● **TASK BRIEF**:
Return all of the data exactly, with nothing left out but the pictures.

● **DATASET CONTENT**:
------------------------------------------------------------------------

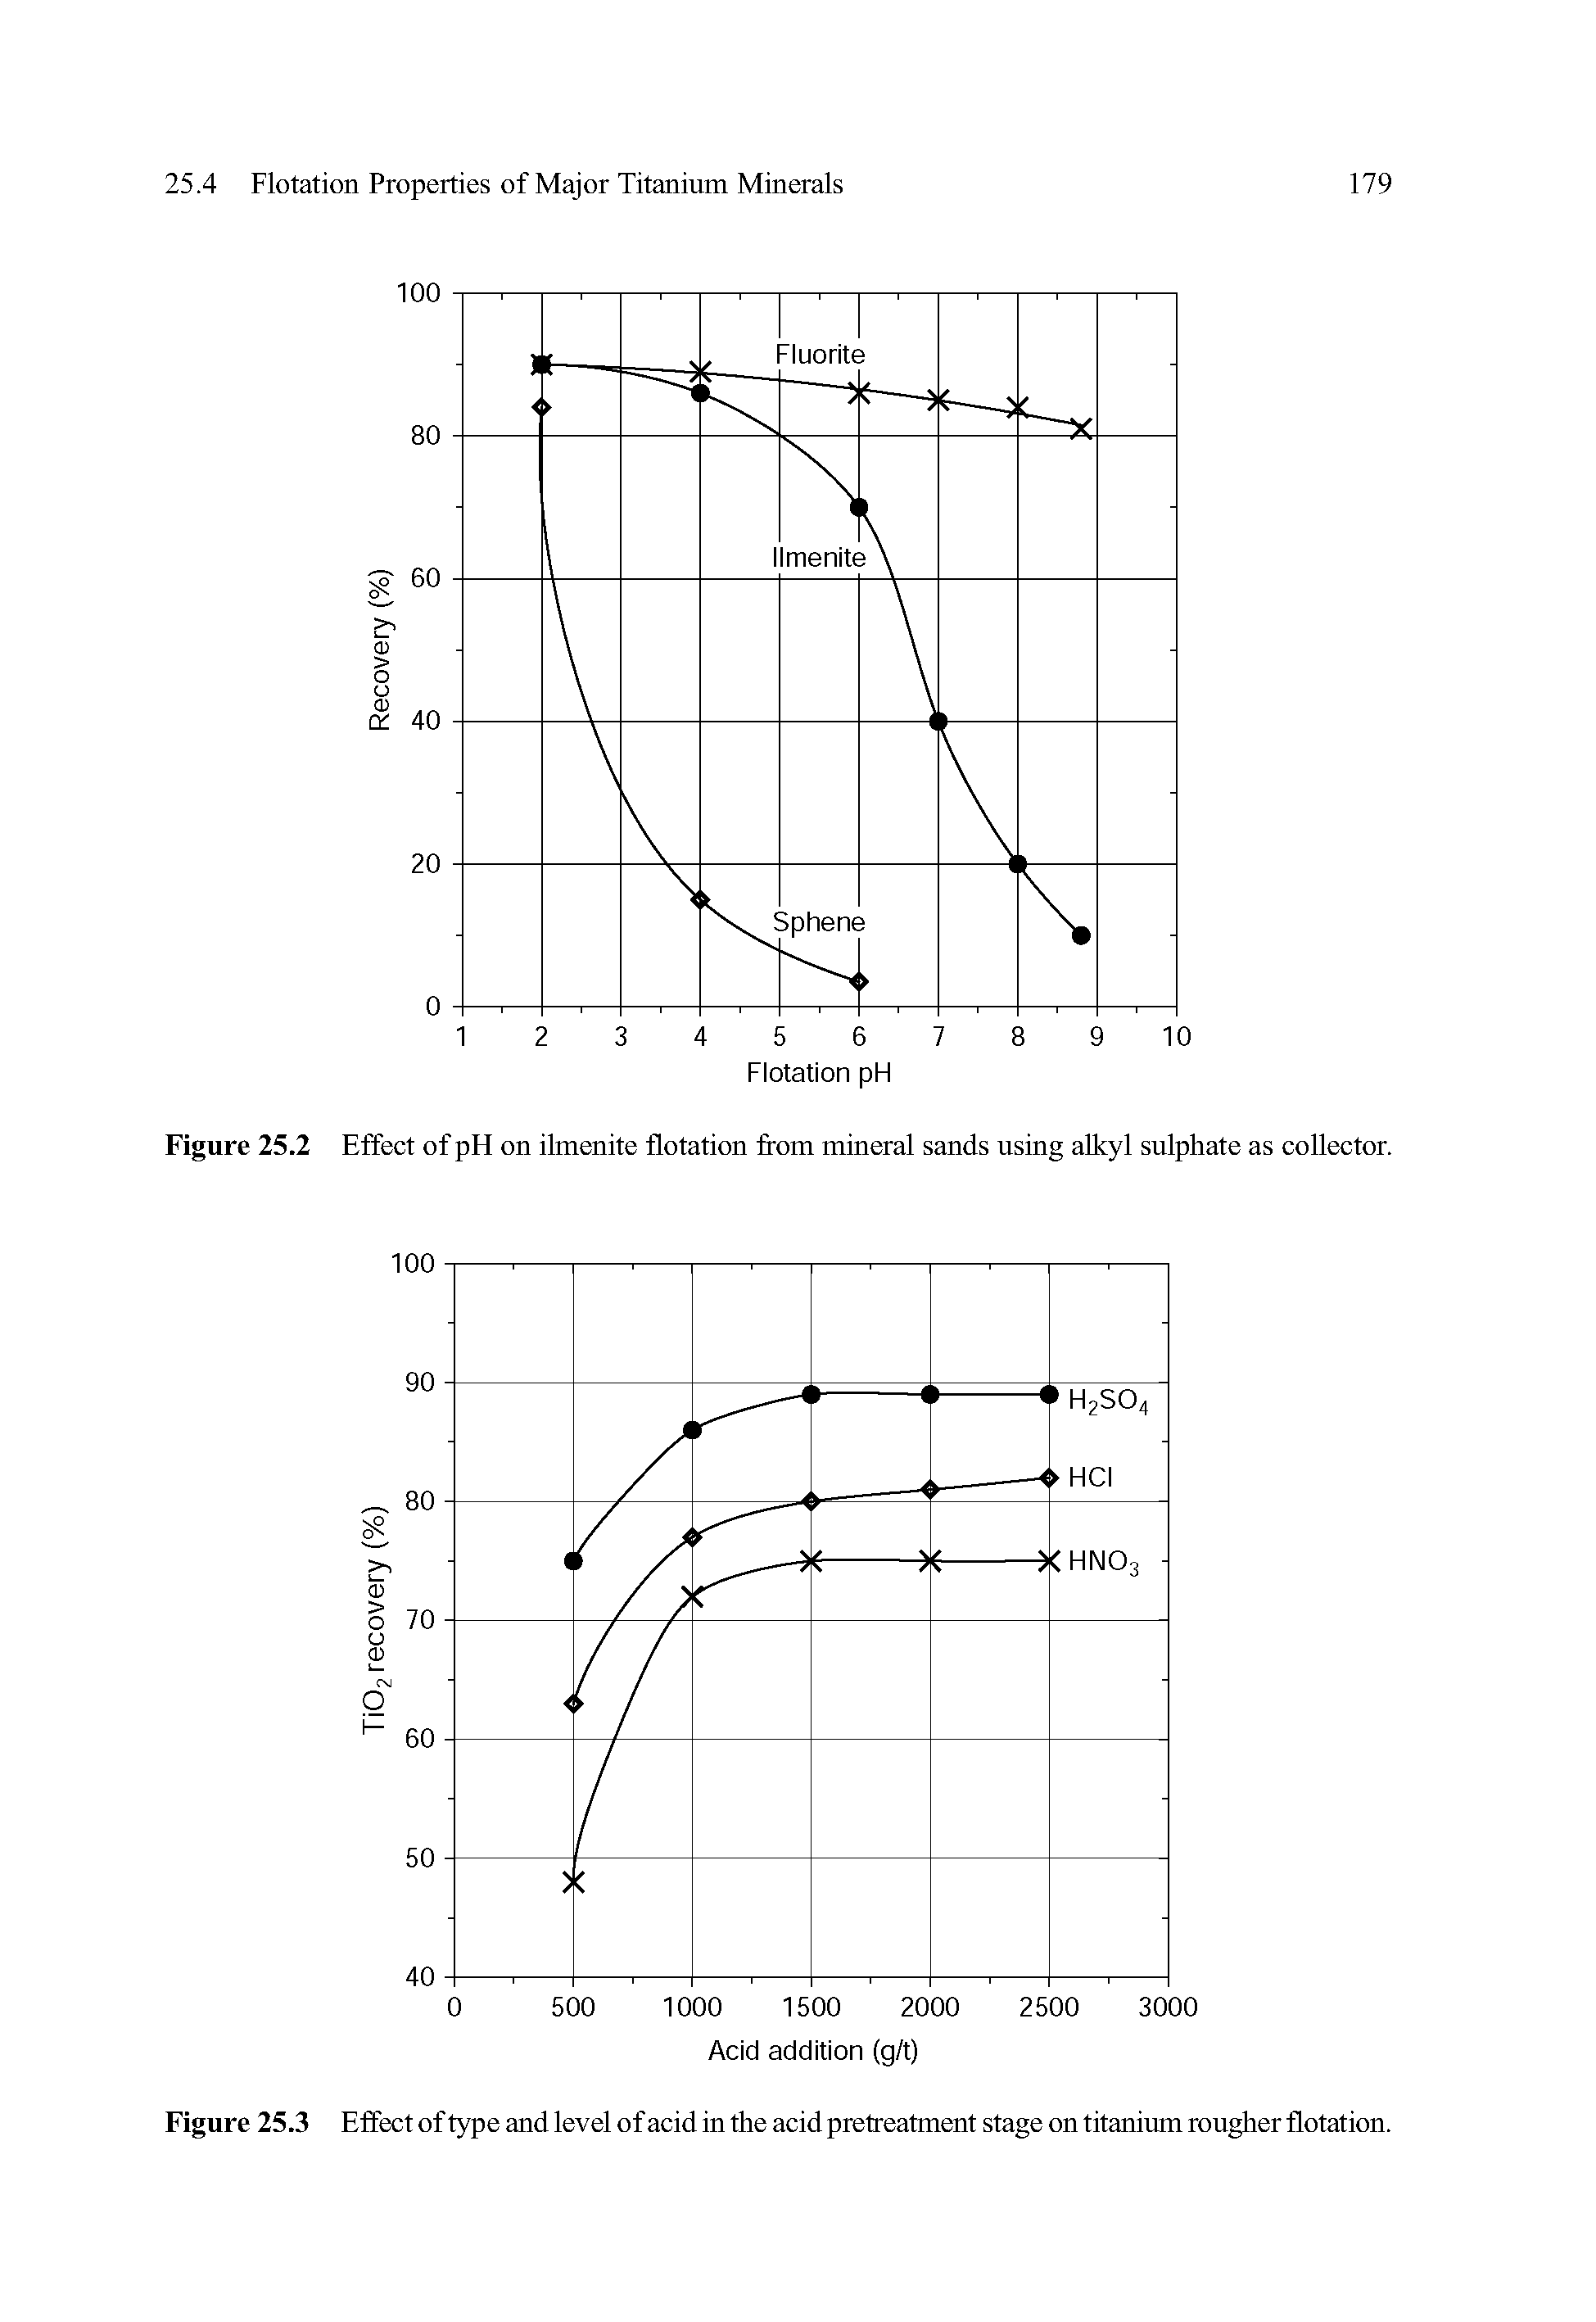 Figure 25.2 Effect of pH on ilmenite flotation from mineral sands using alkyl sulphate as collector.
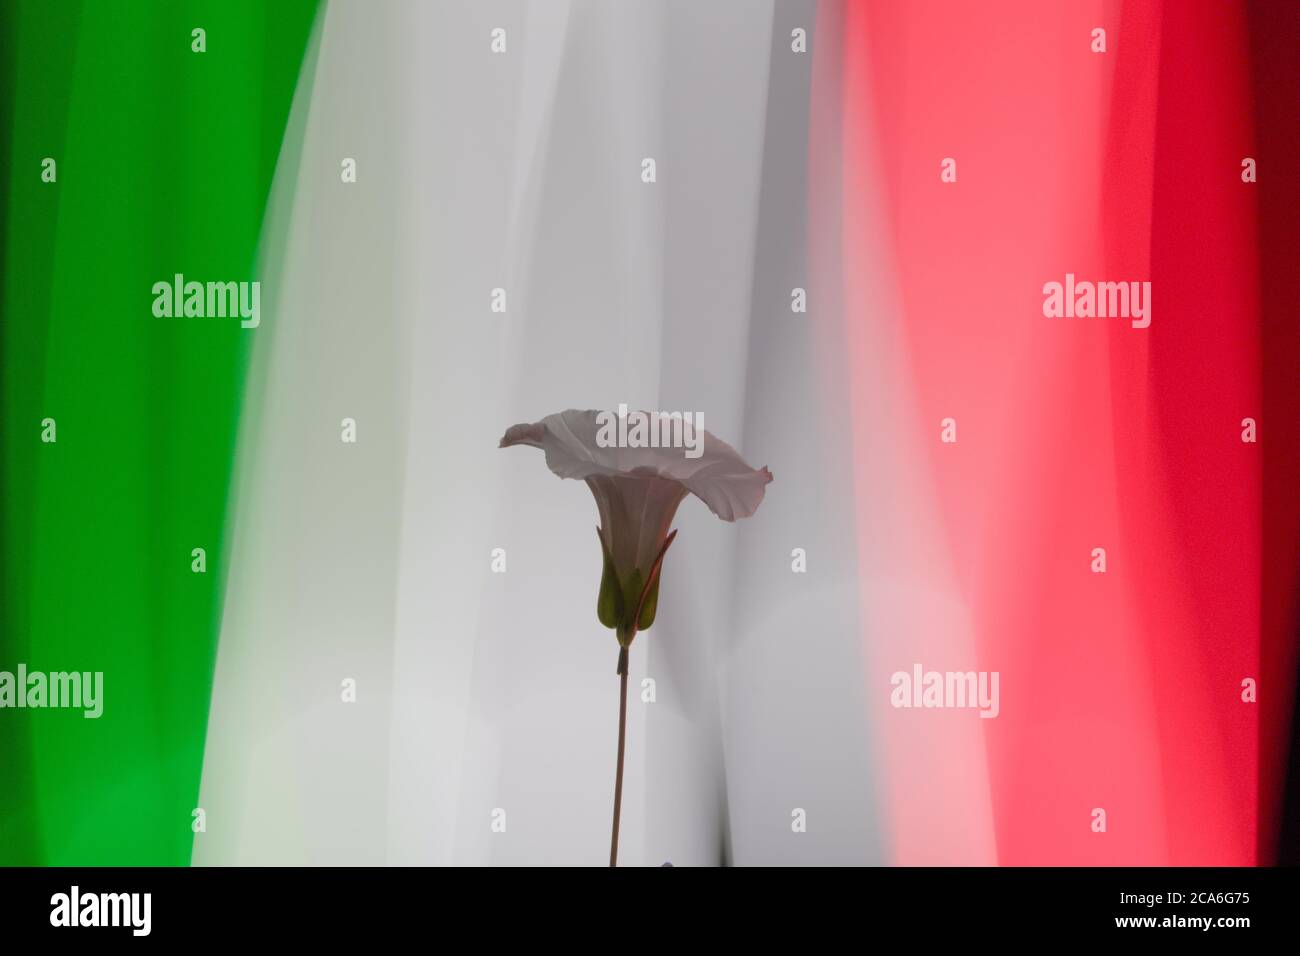 White flower under darkness symbolizing peace, in front of a Italian flag made of color lights with long exposure Stock Photo
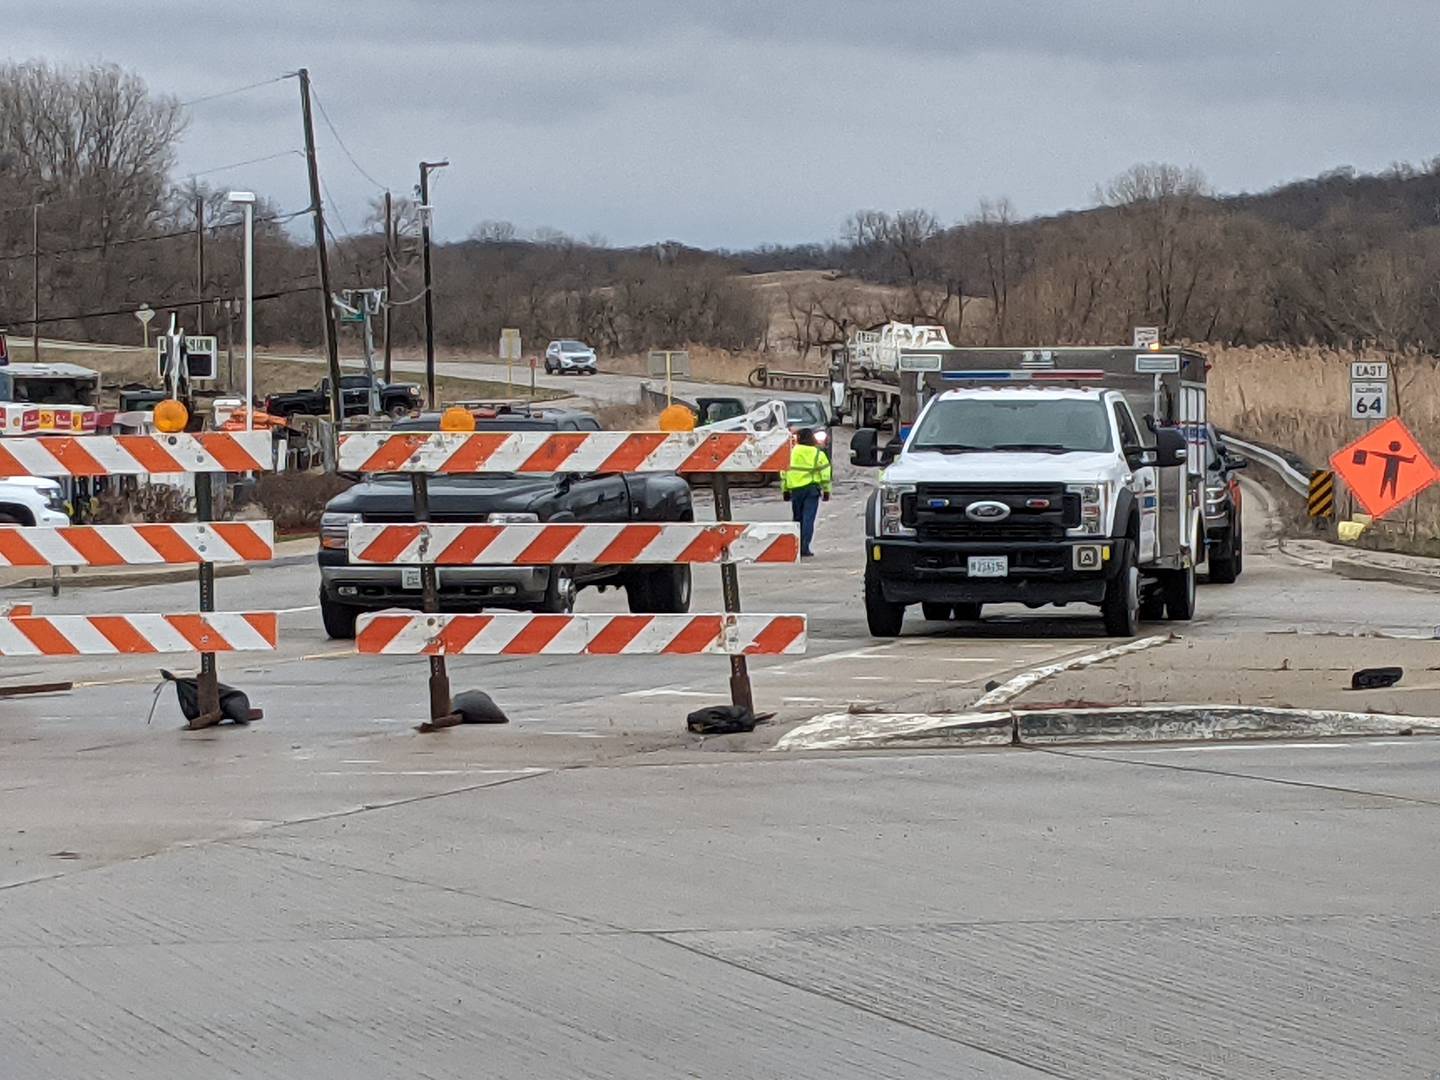 Officials for the Illinois Environmental Protection Agency continue to assess the damage done to the environment after nearly 8,000 gallons of gasoline on Wednesday leaked from the Shell gas station at the intersection of routes 64 and 47 in Lily Lake.
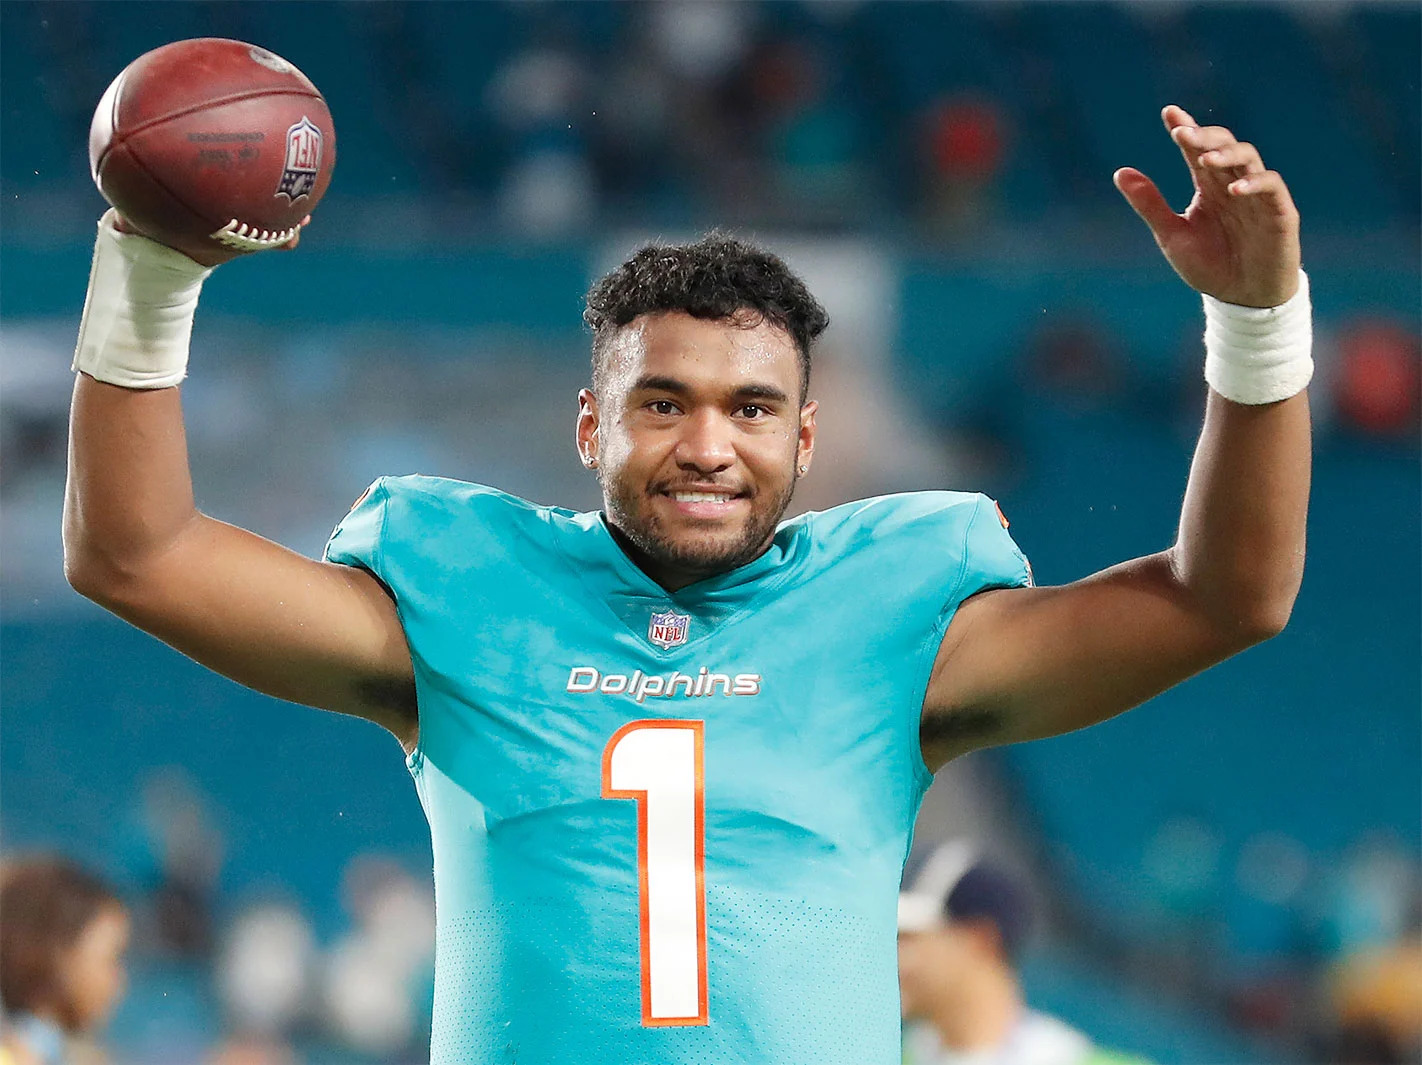 Miami Dolphins QB Tua Tagovailoa out indefinitely after second

------------------------------------------------------------------------

● **SOLUTION FOR THIS TASK**:
 Figure 25.2 Effect of pH on ilmenite flotation from mineral sands using alkyl sulphate as collector.
 White flower under darkness symbolizing peace, in front of a Italian flag made of color lights with long exposure Stock Photo
 Officials for the Illinois Environmental Protection Agency continue to assess the damage done to the environment after nearly 8,000 gallons of gasoline on Wednesday leaked from the Shell gas station at the intersection of routes 64 and 47 in Lily Lake.
 Miami Dolphins QB Tua Tagovailoa out indefinitely after second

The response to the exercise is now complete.